All told, there was a surprising amount of interest and discussion around this once-niche topic, signaling that GPU computing has become something much closer to a mainstream need in the scientific space. Thus, while the discussion is of course of most interest to GPU companies like Nvidia, it suggests an IDE plugin to support this profiling tooling and other GPU integration features might be of significant benefit to the wider user community.
Spyder feedback
While most of the discussion focused on topics applicable to broader categories of IDEs, there were a few specific bits of Spyder feedback. In particular, attendees praised Spyder’s plotting functionality, though some expressed a preference for the non-default mode of displaying plots in separate windows over the Plots pane. Others mentioned that the one killer feature for them that it was missing was multi-line editing, a common request over the years and something we plan to work on for forthcoming Spyder versions, along with support for collaborative editing.

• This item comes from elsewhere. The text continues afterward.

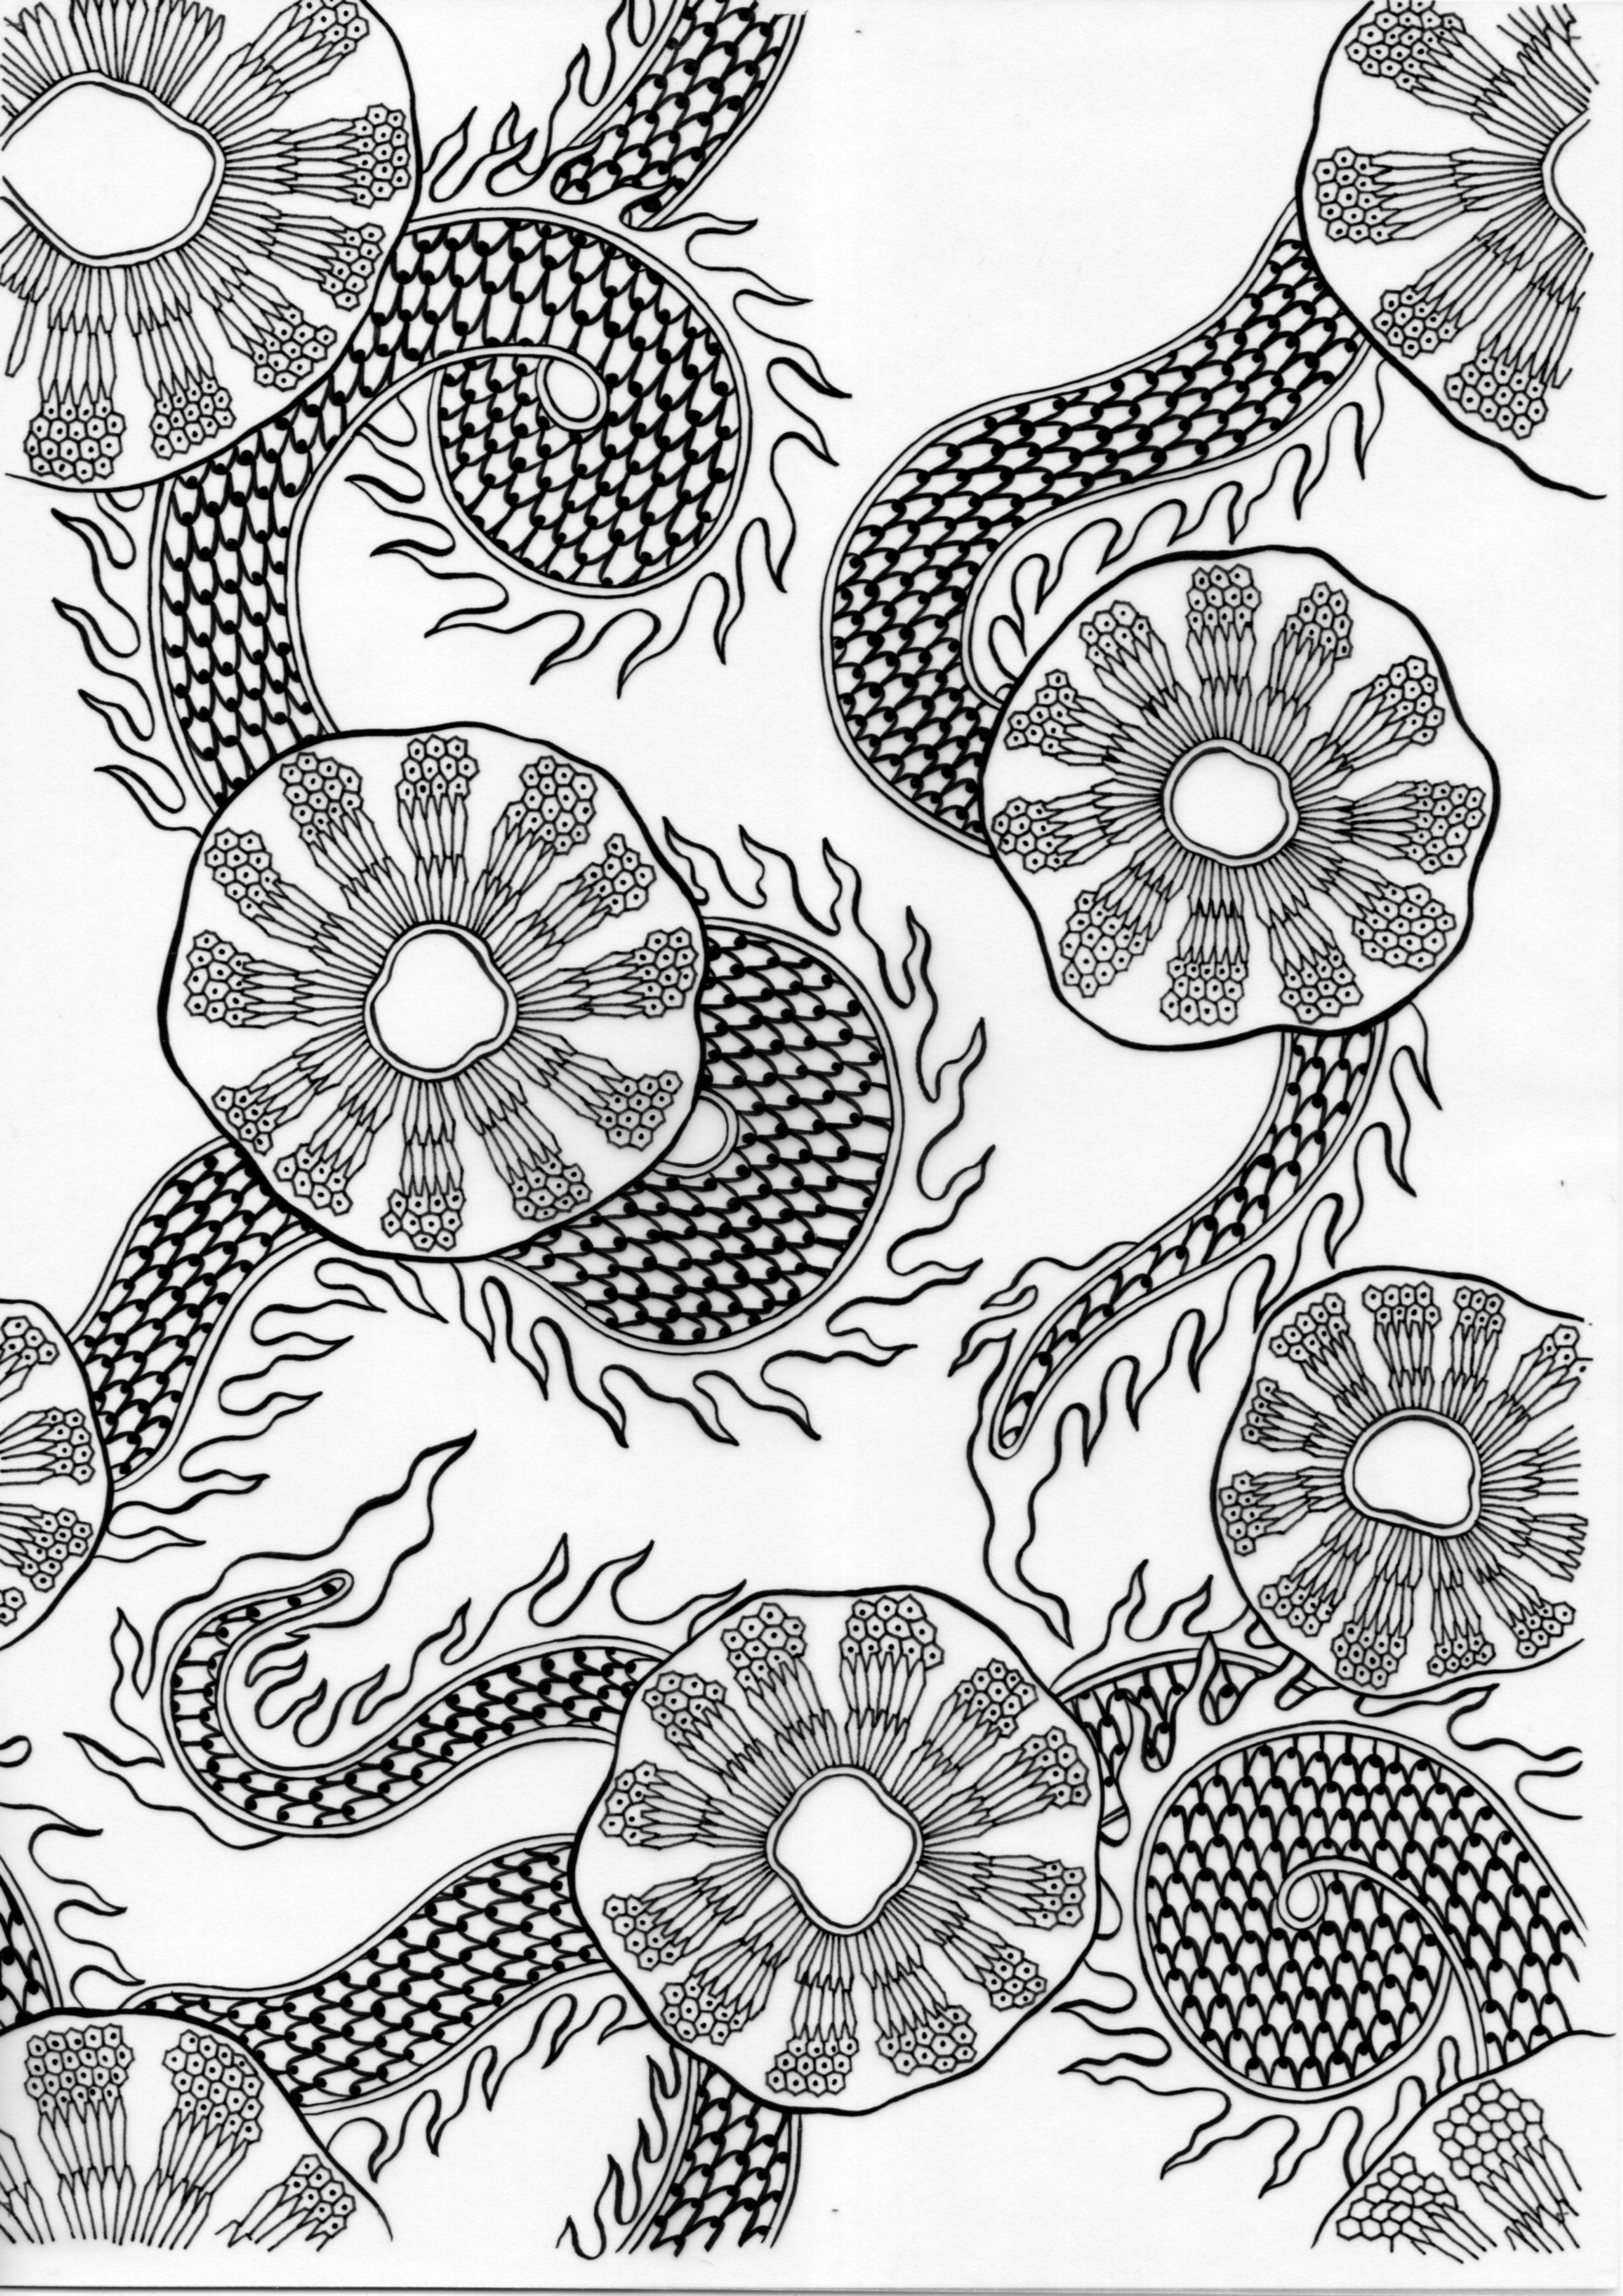 Screwpine – Inked Drawings

A particularly salient comment was one of the attendees’ request that “We need RStudio for Python”, with another replying that Spyder fills most of that gap. Perhaps the main RStudio feature not built in is Quarto/RMarkdown, though we are currently exploring the possibility of helping develop a plugin supporting that. Other comments, such as a desire for GitHub Copilot, better data exploration and visualization capabilities, and support for connecting to remote JupyterHub instances, are also features we already offer or are developing or exploring.
Next steps
Overall, the broader learnings gained here for IDE and interface developers were perhaps less in the detailed specifics of each comment, but rather the common themes users focused the most on. Perhaps the least surprising was interest in generative AI, suggesting that IDE developers should continue to explore integration possibilities, but keeping a critical eye while doing so. By contrast, the most surprising was the extensive discussion about GPU computing and how IDEs and tools can help with that, which seems to indicate that IDE plugins for assisting in this regard might be valuable.
Another area of user emphasis was the importance of interactive data exploration for a variety of formats and structures. While a subset of such could be built into an IDE (as we have with Spyder’s Variable Explorer), given the diversity of scientific data types across fields this suggests the need for a more pluggable/extensible approach to variable exploration. Finally, the consensus was unresolved on desktop versus web-based IDEs, though participants did identify a need for a common framework to connect local IDEs to remote platforms like JupyterHub. To that end, we’re working to provide those facilities in Spyder 6.1, and could eventually be developed into such an common interface.
Thanks to everyone for attending and sharing such great ideas and insights, and we look forward to continuing to learn from the community and hear more in the future. And until then, as always, happy Spydering!